- **Information shown**
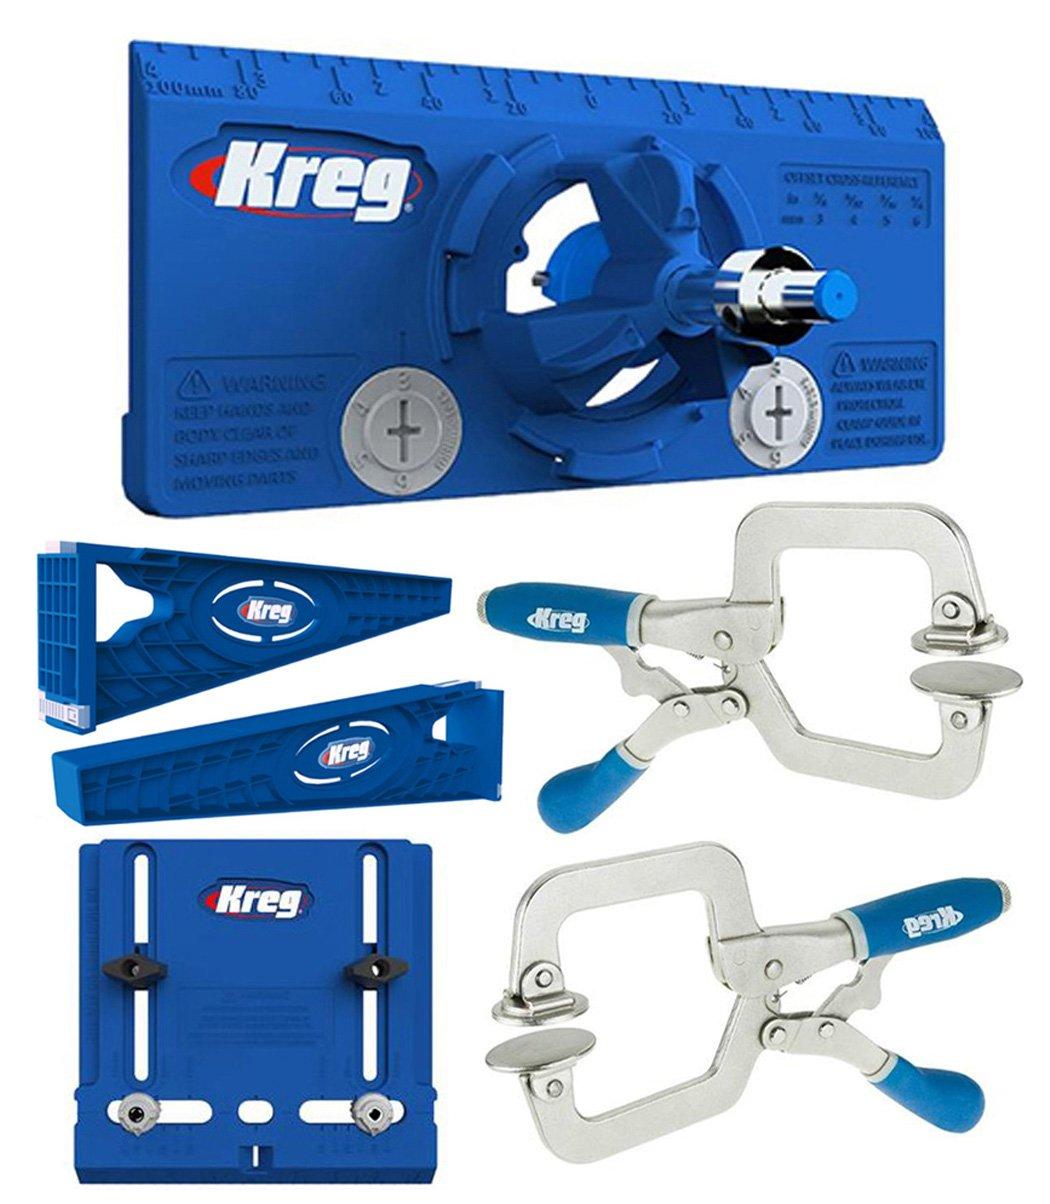 Kreg Drawer Slide Mounting Tool, Cabinet Hardware Jig, Hinge Jig, & 2 Face Clamps by Kreg
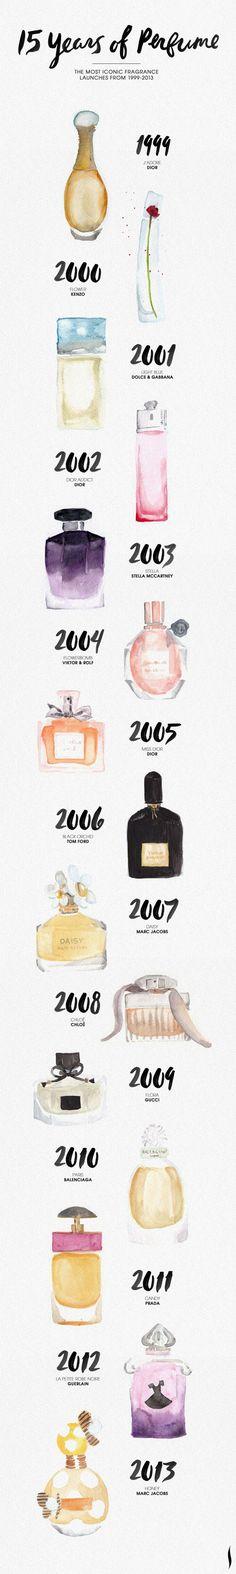 15 years of perfume
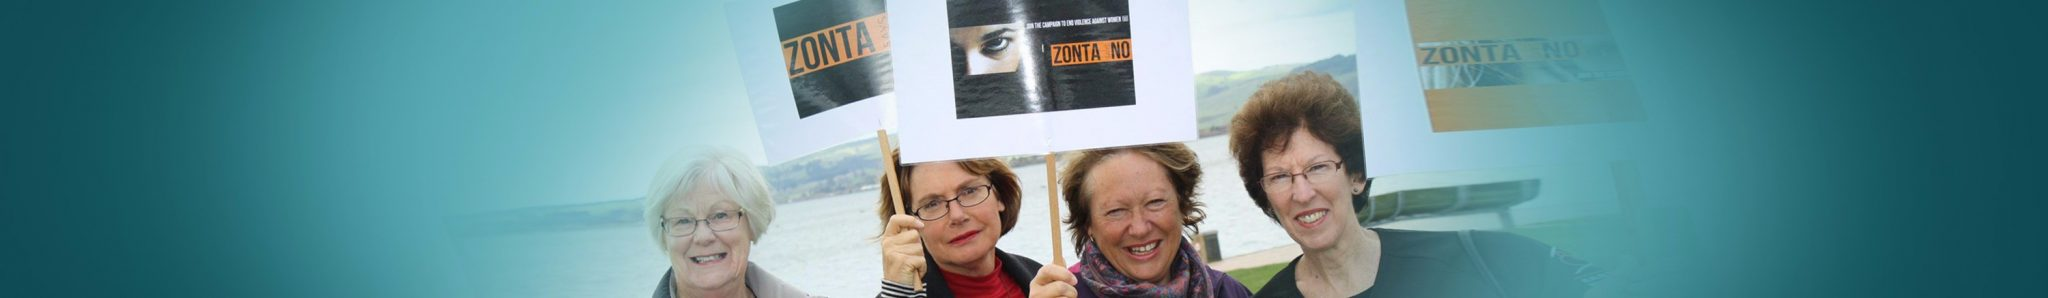 zonta-home-banner06
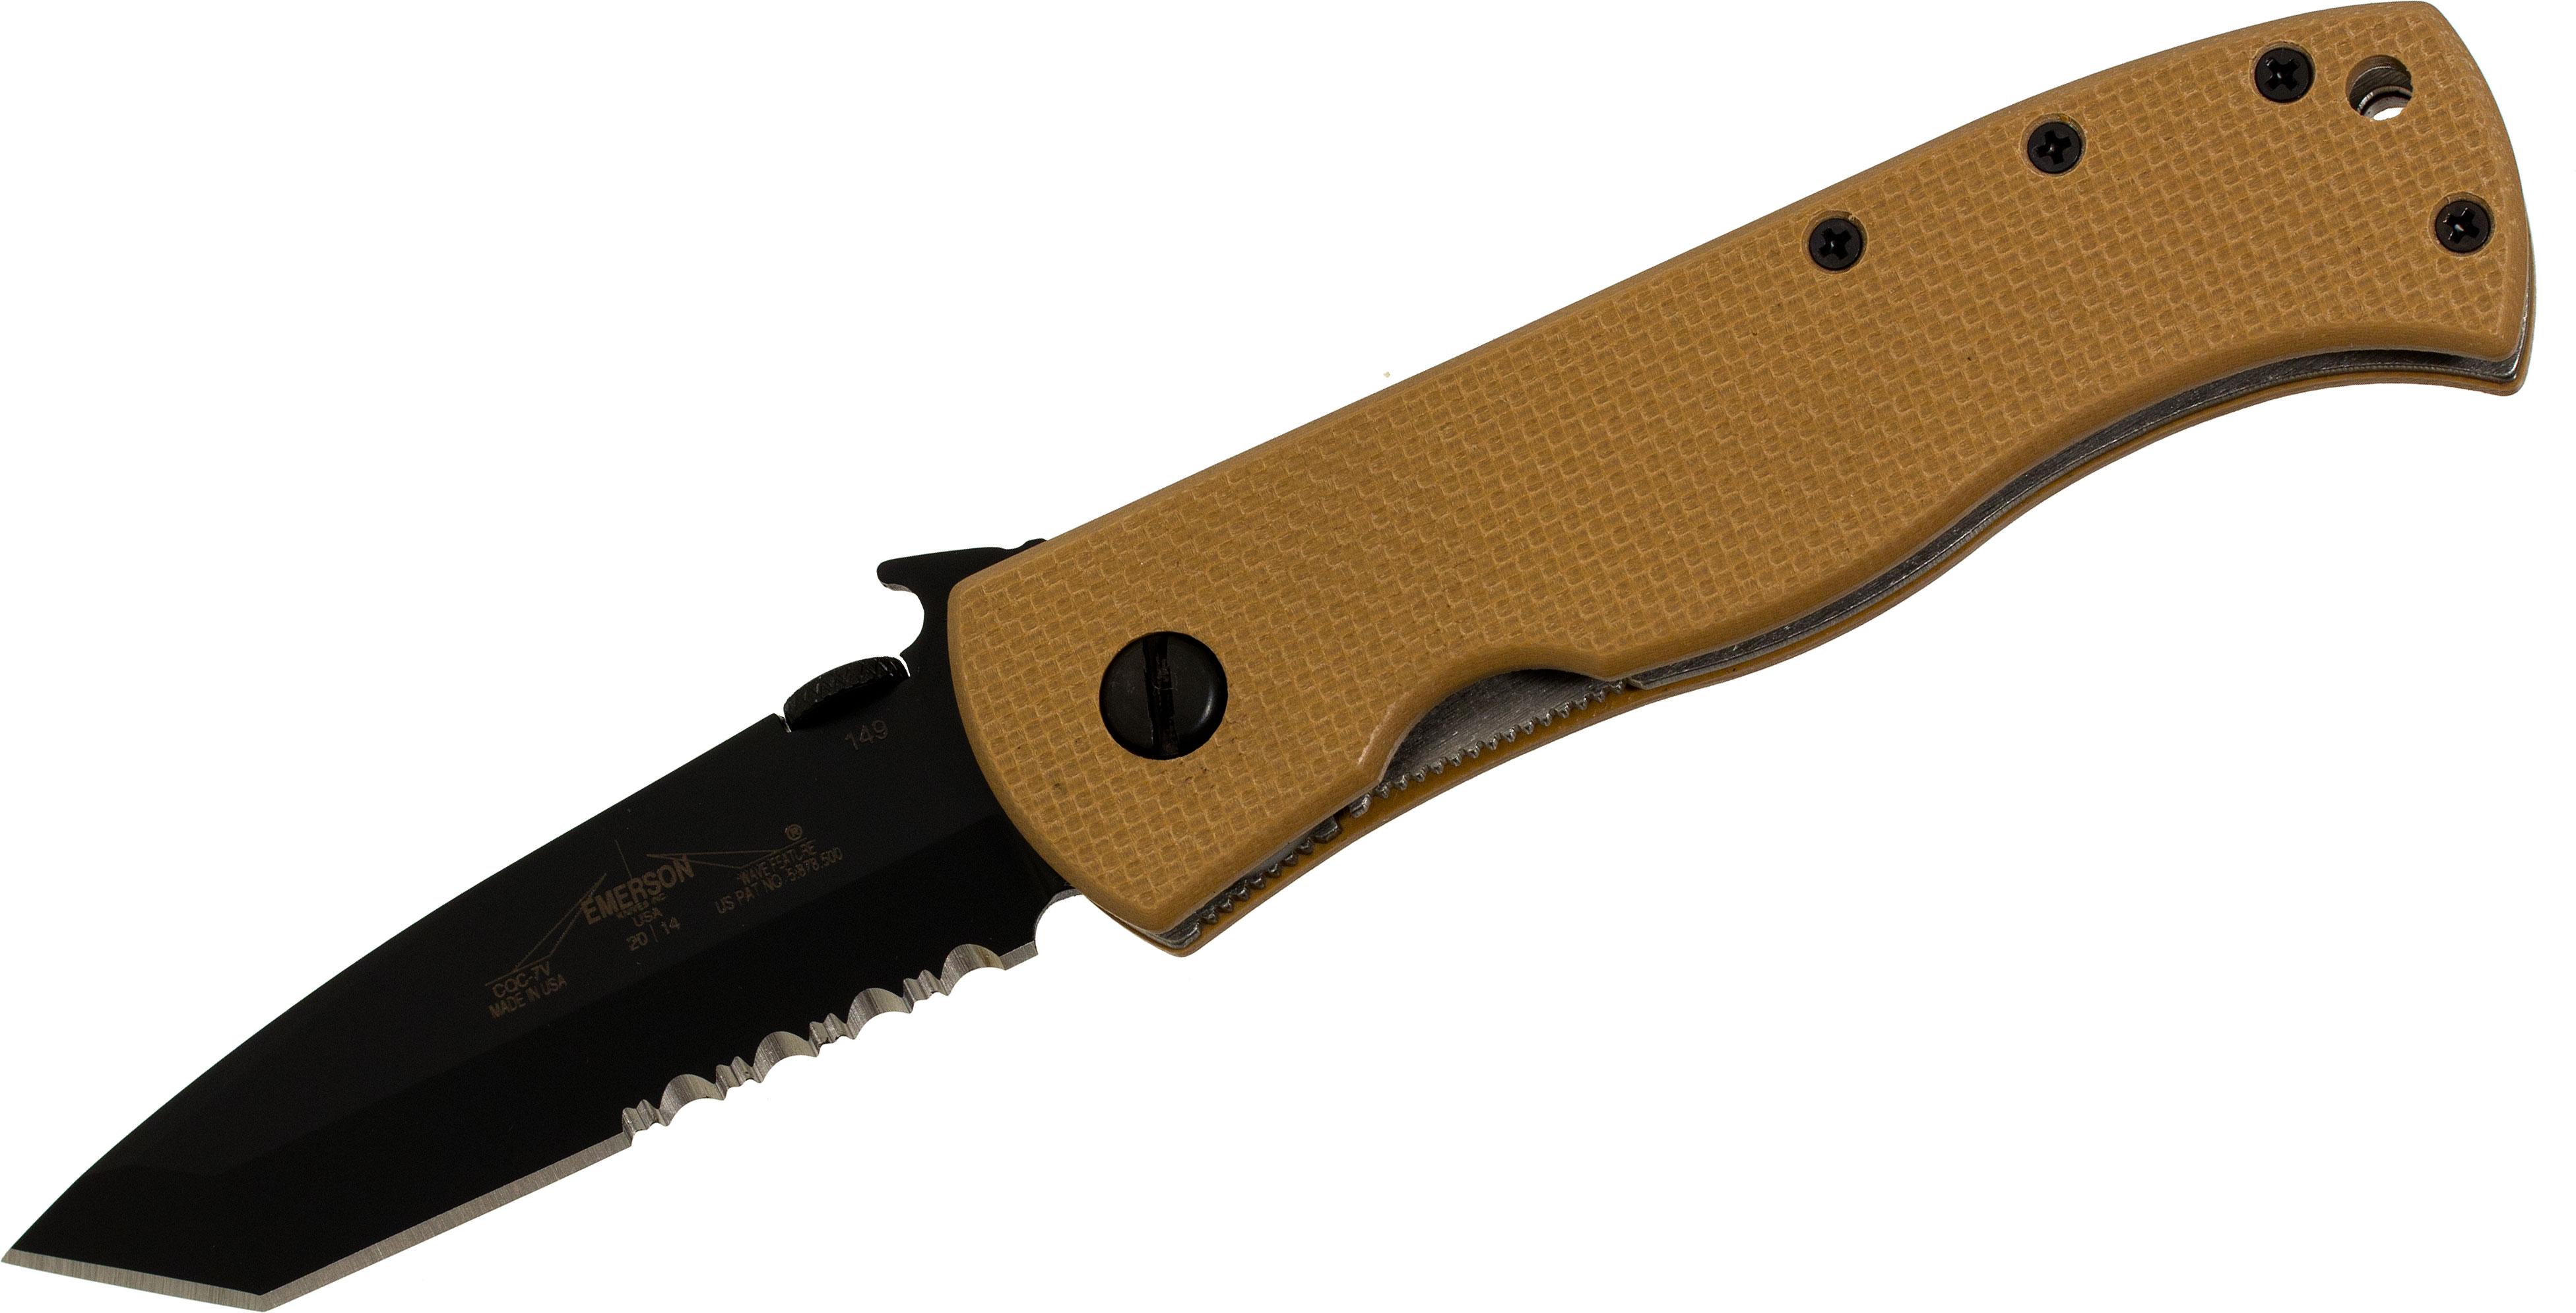 Emerson CQC-7V Folding Knife 3.3 inch Black Tanto Combo Blade, Wave, Afghan Tan G10 Handles

- **Work item**
Give back each line above verbatim, dropping every picture.

- **Exercise output**
 Kreg Drawer Slide Mounting Tool, Cabinet Hardware Jig, Hinge Jig, & 2 Face Clamps by Kreg
 15 years of perfume
 zonta-home-banner06
 Emerson CQC-7V Folding Knife 3.3 inch Black Tanto Combo Blade, Wave, Afghan Tan G10 Handles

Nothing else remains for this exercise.